Reviewed by Staci Layne Wilson for Horror.com
"Are you scared? Well, you should be," Penélope Cruz tells co-star Halle Berry in Gothika. The only thing missing is the beat, and then: "You're on Scare Tactics!" But Cruz can console herself with other fun lines such as, "He opened me like a flower of pain."
Yep, Gothika is one loopy movie. Just like the other new Dark Castle Entertainment film productions from Warner Bros., (The House on Haunted Hill, Thirteen Ghosts and Ghost Ship) Gothika is definitely style over substance. Whether you're willing to pay full price at the box office to see that is up to you, but if you go in knowing you're not seeing the next classic-to-be, you just might have a little fun.
Unlike those other films (for the most part), Gothika does have some substance over style in the talent department -- director Mathieu Kassovitz did The Crimson Rivers, a serial killer yarn that wowed the critics a couple of years ago, and headlining star Halle Berry is a real-live Academy Award-winning Best Actress. No slouches themselves, costars Robert Downey Jr. and Penélope Cruz are both friendly with various awards (Downey, Jr. was nominated for a Best Actor Oscar for Chaplin, and Cruz won a Goya for Open Your Eyes).
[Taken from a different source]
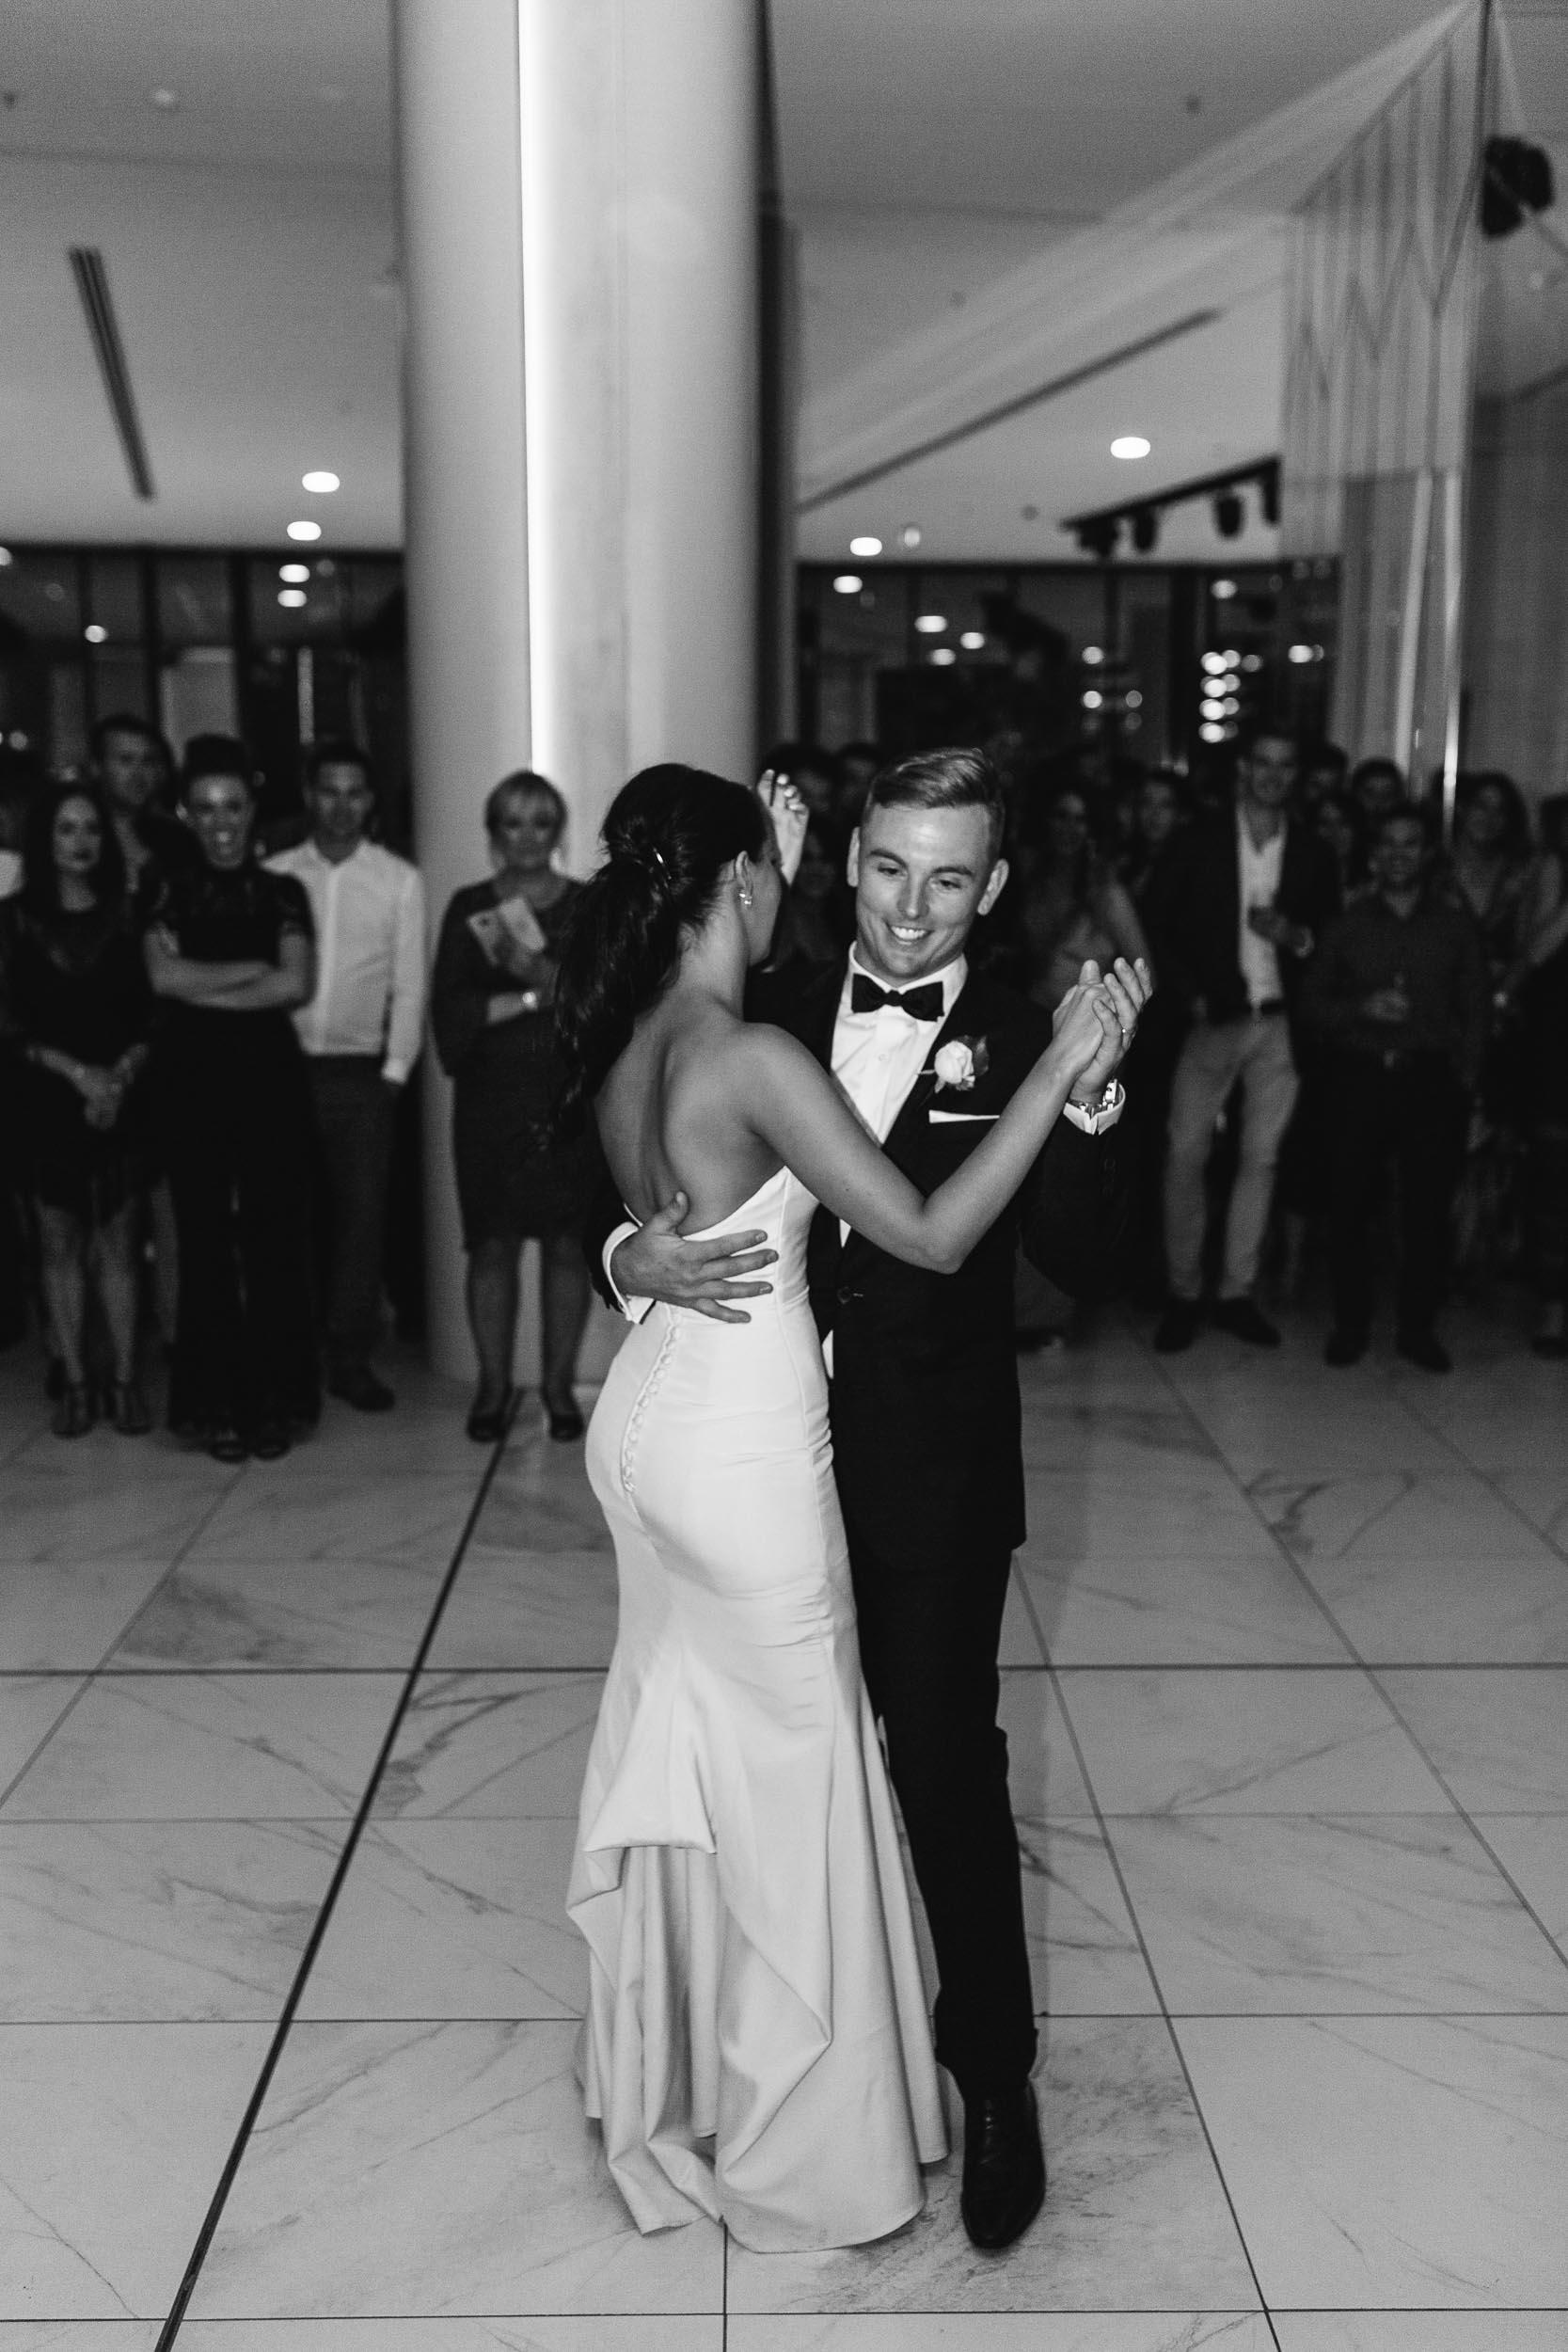 Kas-Richards-Melbourne-Garden-Wedding-Aerial-South-Whark-Georgia-Young-Couture-622.jpg
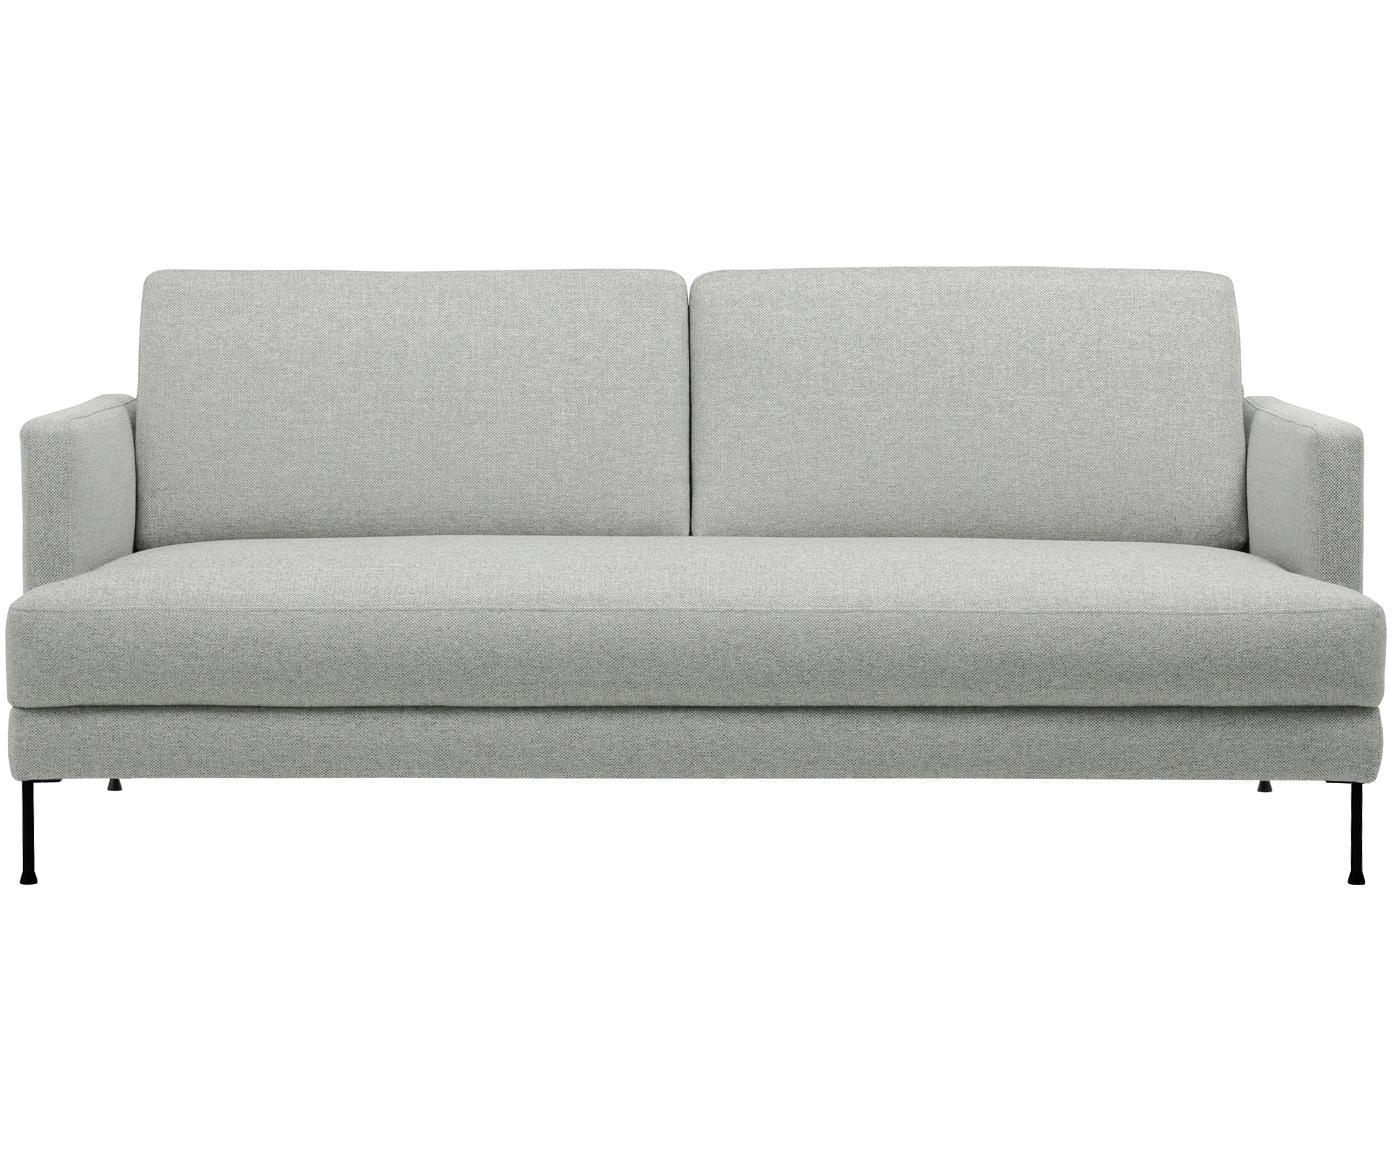 Bank Fluente (3-zits), Bekleding: polyester, Frame: massief grenenhout, Poten: gelakt metaal, Lichtgrijs, 197 x 85 cm

The story of Gothika is crazy but lurid fun: Berry plays a criminal psychologist who wakes up after a car accident inside the self-same psych ward she once supervised. Her husband (Charles S. Dutton) has been brutally and bloodily murdered, and the waif-like ghost of a blonde teen is stalking the good doctor. So what's a girl to do? She befriends a teary patient (Cruz) who claims that she's being raped by the devil, and she tries to convince her skeptical friend and former colleague (Downey, Jr.) that she is not insane. With the words "Not Alone" carved on her arm and her penchant for talking into mirrors, she has her work cut out for her.
There is definitely some unintentional humor in Gothika and the actors seem to be taking their roles far too seriously, but it is also dripping with dark and creepy horror atmosphere, and there are some genuinely chilling haunting sequences as well (some of the jerky-moving phantoms from Thirteen Ghosts are back on duty here in the psych ward). It's actually a beautiful movie to look at, and taken at face value it is 90 minutes of an eerie spook-fest and that's that.
Basically, Gothika is very similar to its Dark Castle Entertainment cousins: if you enjoyed the scares in The House on Haunted Hill, Thirteen Ghosts and Ghost Ship, then Gothika will fit right in with your large popcorn and your giant-sized cola.